- **Dataset records**:
Segment Open
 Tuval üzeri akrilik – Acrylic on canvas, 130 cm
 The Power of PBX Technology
Segment Closed
Segment Open
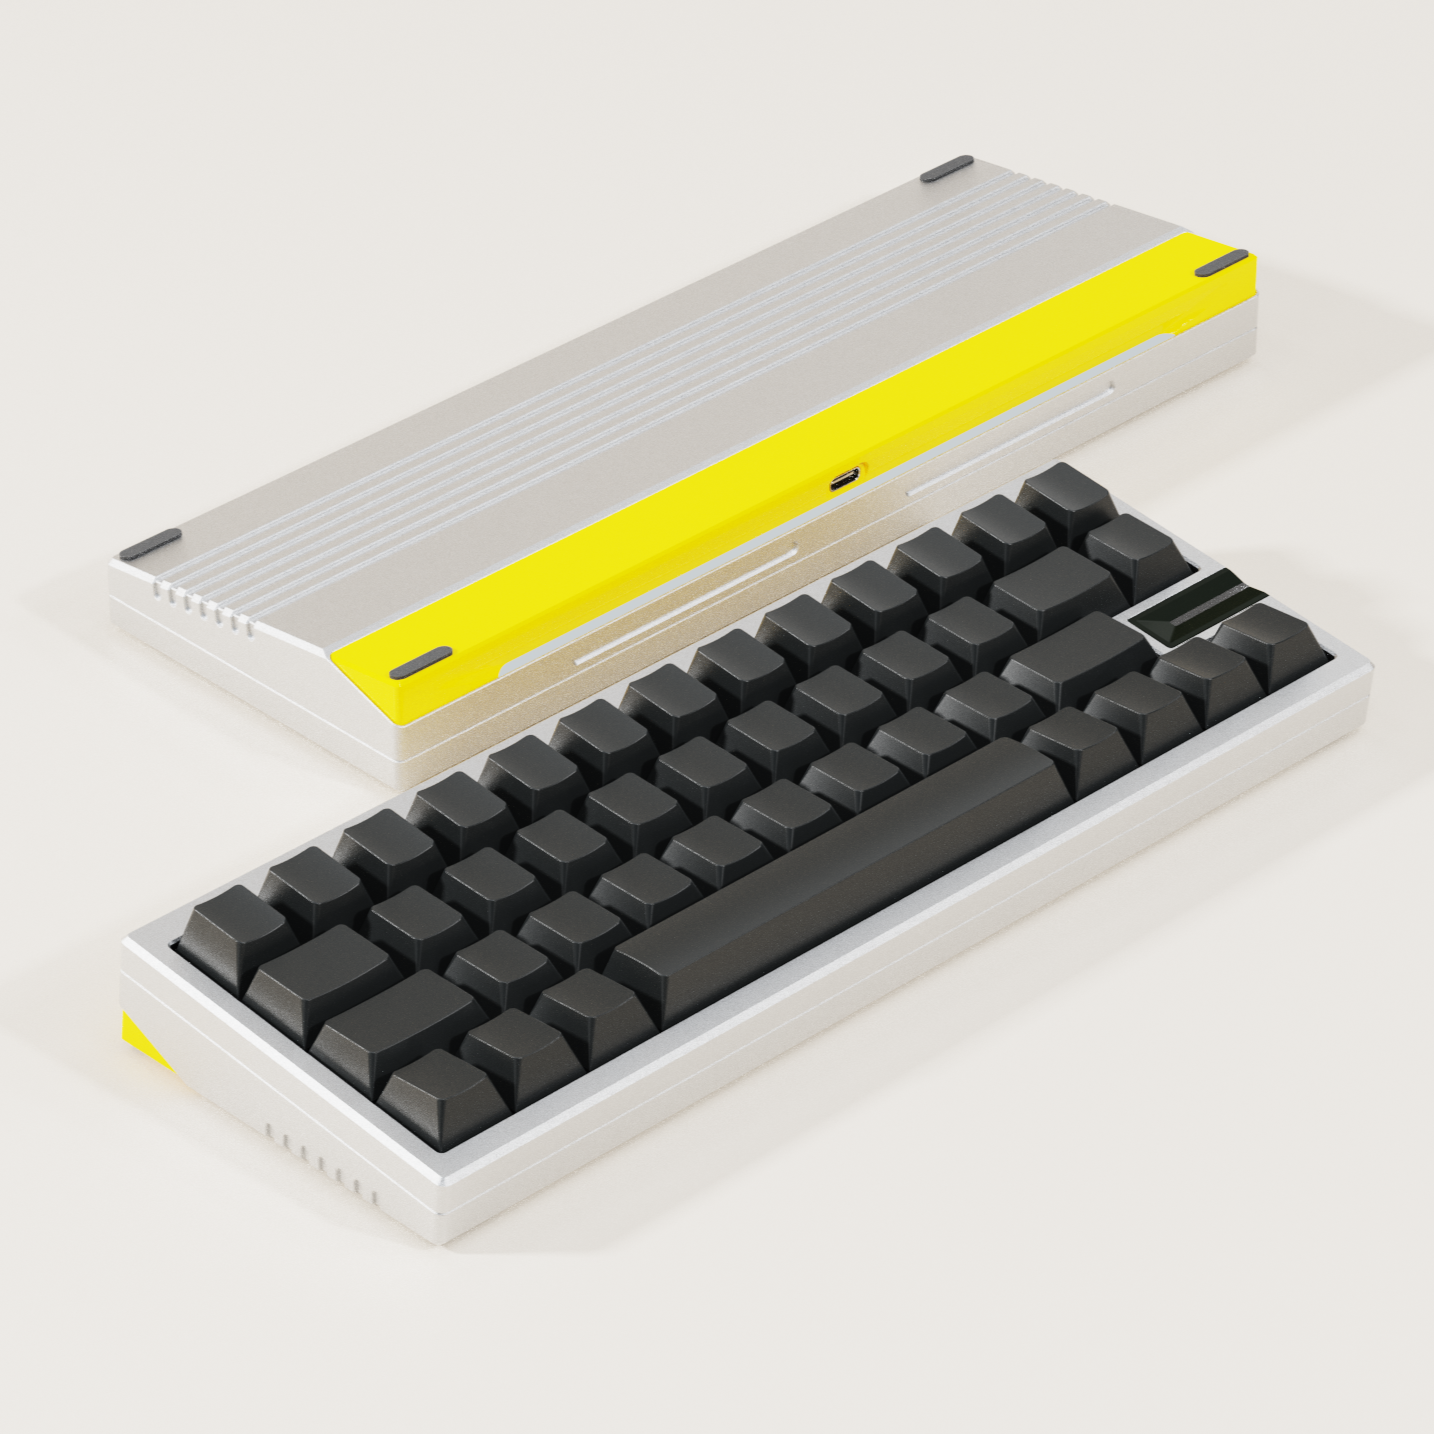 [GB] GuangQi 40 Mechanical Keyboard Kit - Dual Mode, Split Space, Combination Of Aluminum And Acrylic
Segment Closed
- **Work request**:
Please copy, exactly and with nothing else, the lines above beginning at the line that has "Tuval üzeri akrilik" and ending with the line that has "The Power of PBX Technology".

- **Exercise response**:
 Tuval üzeri akrilik – Acrylic on canvas, 130 cm
 The Power of PBX Technology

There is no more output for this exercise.